Merry Christmas! Sean
Mr Stirling,
I do need an explanation of what "infinite discontinuities in the world-lines" means!
Paul.
Paul: basically that you can exist without an accessible past.
From the viewpoint of -your- world-line, you have a past which 'no longer' exists but which you remember. That is, it exists in electrochemical state in your head, but nowhere else.
From anyone else's viewpoint, it never existed.
Both viewpoints are simultaneously valid.
If a) time travel is possible, and b) time is mutable, this is the necessary consequence.
Which means that cause-and-effect chains aren't universal, merely a special case. You can exist without a cause except in your own memory.
I might add that in TO TURN THE TIDE, the jury is out on whether they're modifying their own history or starting a new 'branch', because the viewpoint characters have no way of testing either hypothesis.
One or the other has to be true, but there is no way for them to falsify either.
And a non-falsifiable/untestable hypothesis is a semantic null set -- it simply has no meaning at all.
So when you come right down to it, it doesn't matter and they shrug and go on. They want to change the future they remember either way, and from their viewpoint it simply doesn't matter which is 'true'.
Sean: and btw, there's a very subtle hint in TO TURN THE TIDE that that 2032 CE is not quite our timeline... 8-).
I do that whenever I write in a near-future setting. It deals with the problem of rapid "dating", since predicting the future is impossible.
A longer response from me when time permits.
Kaor, Paul and Mr. Stirling!
Paul: Besides what Stirling wrote above, Anderson's "preface" to THREE HEARTS AND THREE LIONS might help to clarify the matter of alternate/parallel/divergent timelines splitting off from one another.
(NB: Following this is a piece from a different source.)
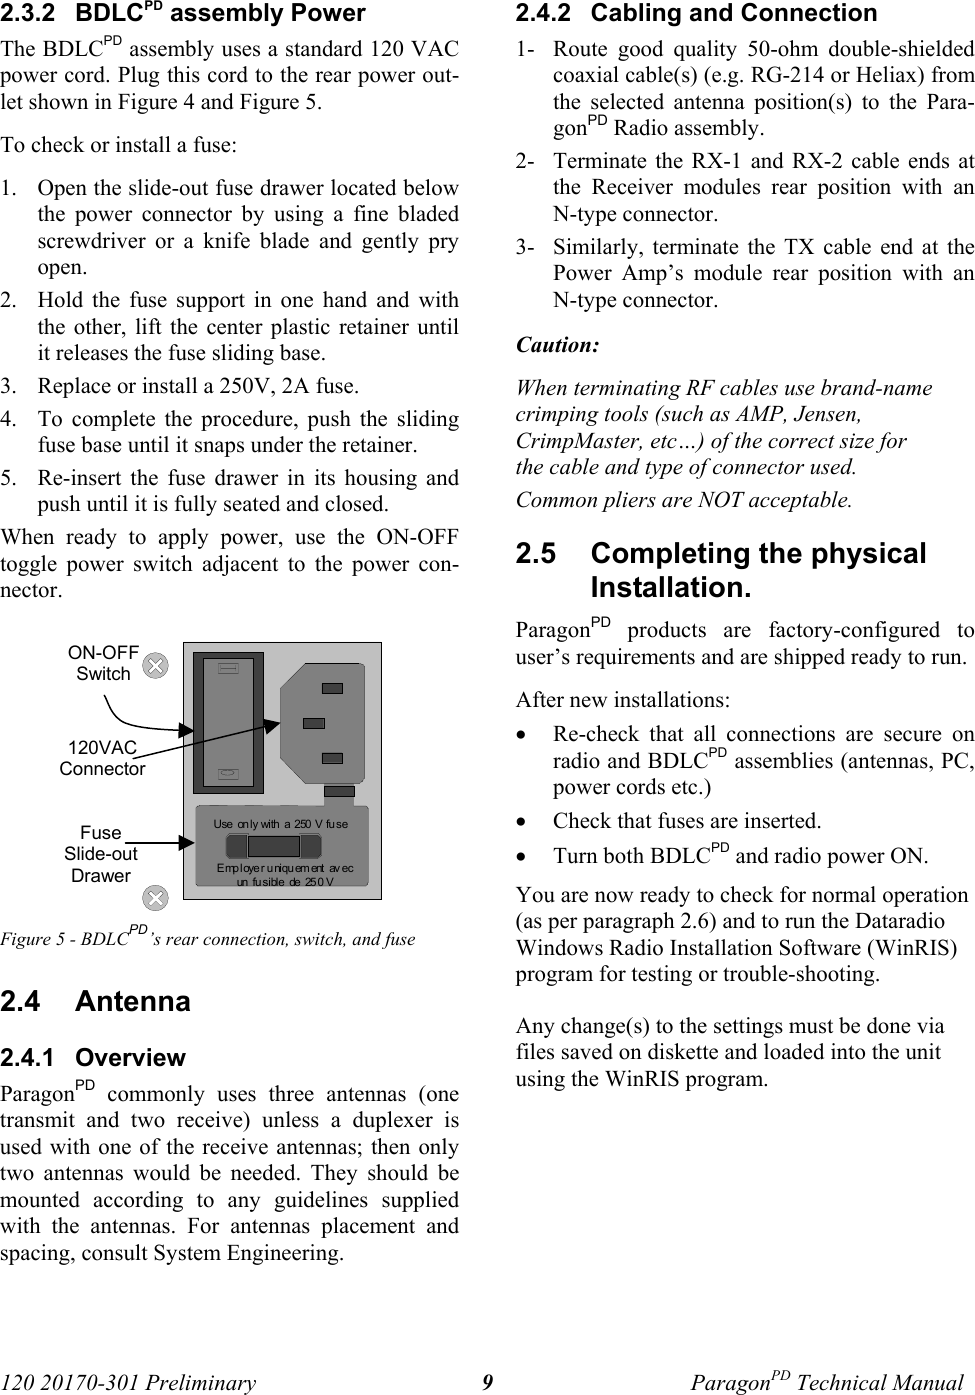 120 20170-301 Preliminary ParagonPD Technical Manual92.3.2  BDLCPD assembly PowerThe BDLCPD assembly uses a standard 120 VACpower cord. Plug this cord to the rear power out-let shown in Figure 4 and Figure 5. To check or install a fuse: 1. Open the slide-out fuse drawer located belowthe power connector by using a fine bladedscrewdriver or a knife blade and gently pryopen. 2. Hold the fuse support in one hand and withthe other, lift the center plastic retainer untilit releases the fuse sliding base. 3. Replace or install a 250V, 2A fuse. 4. To complete the procedure, push the slidingfuse base until it snaps under the retainer.5. Re-insert the fuse drawer in its housing andpush until it is fully seated and closed.When ready to apply power, use the ON-OFFtoggle power switch adjacent to the power con-nector. Figure 5 - BDLCPD’s rear connection, switch, and fuse2.4  Antenna2.4.1  OverviewParagonPD commonly uses three antennas (onetransmit and two receive) unless a duplexer isused with one of the receive antennas; then onlytwo antennas would be needed. They should bemounted according to any guidelines suppliedwith the antennas. For antennas placement andspacing, consult System Engineering. 2.4.2  Cabling and Connection1- Route good quality 50-ohm double-shieldedcoaxial cable(s) (e.g. RG-214 or Heliax) fromthe selected antenna position(s) to the Para-gonPD Radio assembly.2- Terminate the RX-1 and RX-2 cable ends atthe Receiver modules rear position with anN-type connector.3- Similarly, terminate the TX cable end at thePower Amp’s module rear position with anN-type connector.Caution: When terminating RF cables use brand-namecrimping tools (such as AMP, Jensen,CrimpMaster, etc…) of the correct size forthe cable and type of connector used.Common pliers are NOT acceptable.2.5  Completing the physicalInstallation.ParagonPD products are factory-configured touser’s requirements and are shipped ready to run. After new installations:• Re-check that all connections are secure onradio and BDLCPD assemblies (antennas, PC,power cords etc.)• Check that fuses are inserted.• Turn both BDLCPD and radio power ON.You are now ready to check for normal operation(as per paragraph 2.6) and to run the DataradioWindows Radio Installation Software (WinRIS)program for testing or trouble-shooting.Any change(s) to the settings must be done viafiles saved on diskette and loaded into the unitusing the WinRIS program.Employer uniquement  avecun  fu si bl e  de  25 0 VUse  on ly with  a  250  V  fu seON-OFFSwitch120VACConnectorFuseSlide-outDrawer

Mr. Stirlig: Dang! Your hint was so subtle I completely missed it despite twice reading Chapter I of TO TURN THE TIDE. At least the hint was in that chapter.
Merry Christmas! Sean
I meant to say: "At least I THOUGHT the hint was in that chapter." Dang!
Sean
I accept that it is logically possible that there can be a timeline that can be described as "discontinuous" in the sense that one or more persons in that timeline have memories that do not correspond to any events within that timeline. I would not describe this as "infinite discontinuities" but I think we are agreed on the possibility of such a timeline.
We can say either that the remembered events simply do not exist and never have existed or that they "no longer" exist. If we say the latter, then we refer to a temporal sequence not within a particular timeline but between timelines.
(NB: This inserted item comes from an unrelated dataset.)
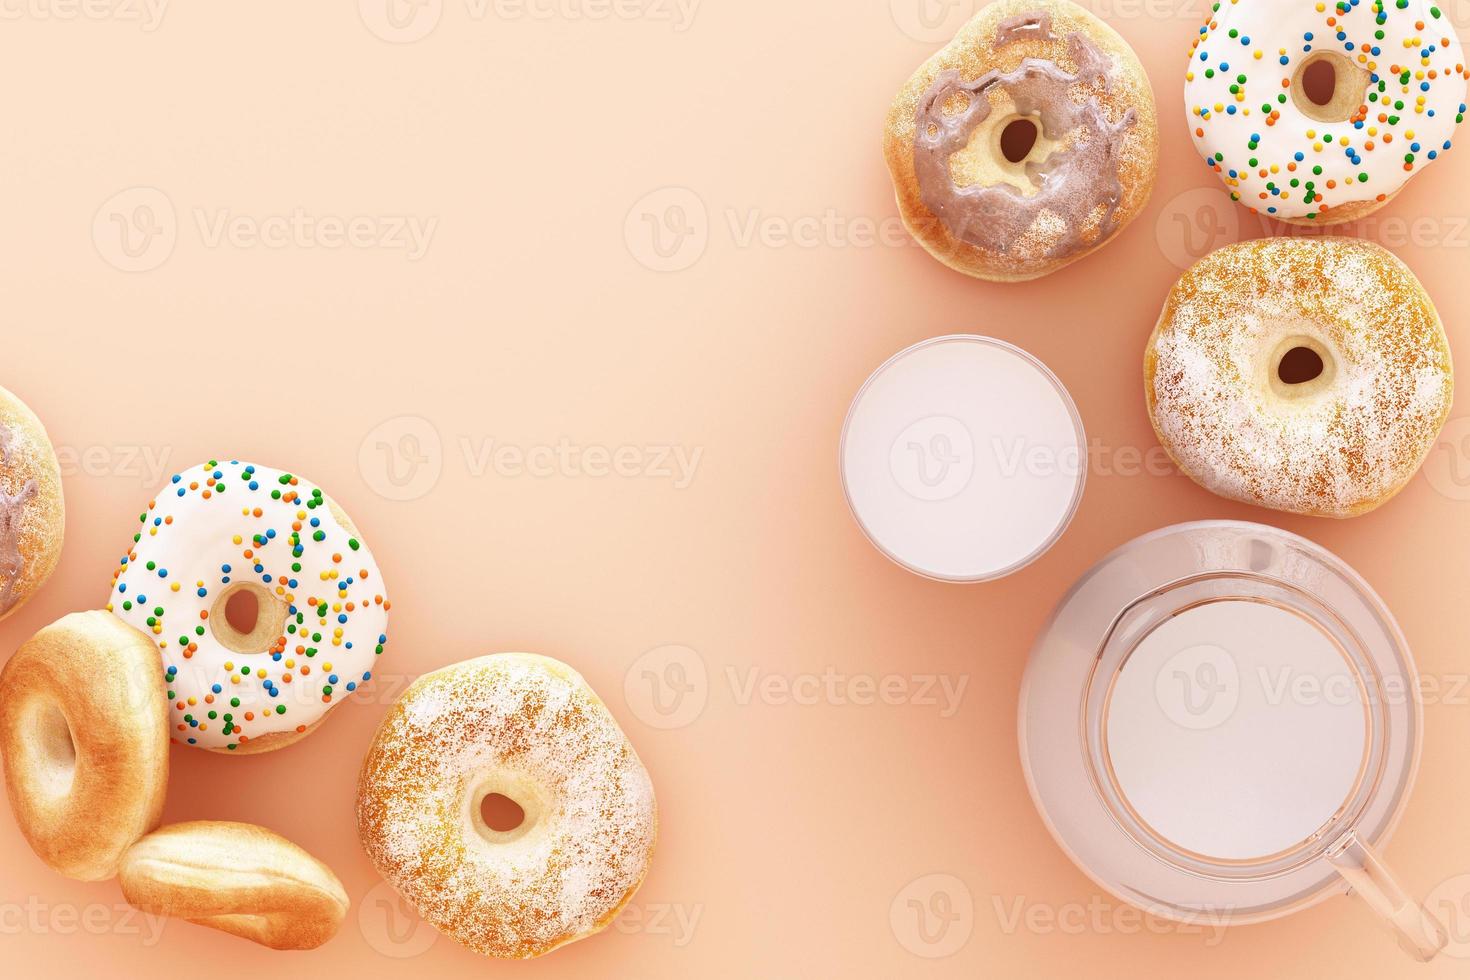 food and sweet on pastel background 3d rendering photo

I do not think that there is a significant difference between starting a new timeline and modifying an already existing timeline. To modify anything is to change it. Change involves a relationship between a state changed from and a state changed to. That is a relationship of before and after which is a temporal relationship. We can say either that timeline B succeeds timeline A along the second temporal dimension or that state B of the timeline succeeds state A along the second temporal dimension. This is a terminological difference.
Kaor, Paul!
I'm by no means competent at discussing such matters, but I'm not sure all physicists would agree with you. Some do seem to accept the possibility of divergent/alternate/parallel universes existing. And that something happens to cause Timeline B to change and split off from Timeline A, where that change did not happen and events continued to happen as recorded for A. And that was, IMO, Anderson's view as well.
Merry Christmas! Sean
Sean: I'll be merciful -- it's not in that chapter. Another hint: if you were in that timeline, you'd probably discover the difference within a day or two... but it's not obvious in any aspect of everyday life.
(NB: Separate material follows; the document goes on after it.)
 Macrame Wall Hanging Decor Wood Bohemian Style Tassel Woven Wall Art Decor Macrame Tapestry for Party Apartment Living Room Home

Paul: remember that each individual has his/her own "world-line".
Each person IS described as a world-line when considered as extended in four dimensions in space-time.
Maybe Timeline B does not succeed Timeline A in a second temporal dimension but coexists with it along a fourth spatial dimension or maybe both timelines occupy the same three-dimensional space but vibrate at different rates. We can only clarify and list possibilities.
If Timeline B exists either in a fourth spatial dimension or at a different vibratory rate, then the time traveller has left Timeline A and has created an entire universe de novo ex nihilo whereas, if Timeline B exists at a later moment of a second temporal dimension, then the time traveller has merely changed a state of affairs in the second temporal dimension as we habitually change states of affairs in the first temporal dimension. The latter explanation is more parsimonious.
Kaor, Paul!
Too bad there is no known way of proving or disproving any of these possibilities.
Ad astra! Sean
For SFnal purposes, we can use any of them as assumptions; in the real world, we simply don't have the means to test any of them.
Kaor, Mr. Stirling!
I agree! And I have made some effort at PRETENDING to understand such things by reading books like Fran Tipler's THE PHYSICS OF CHRISTIANITY and Sean Carroll's SOMETHING DEEPLY HIDDEN.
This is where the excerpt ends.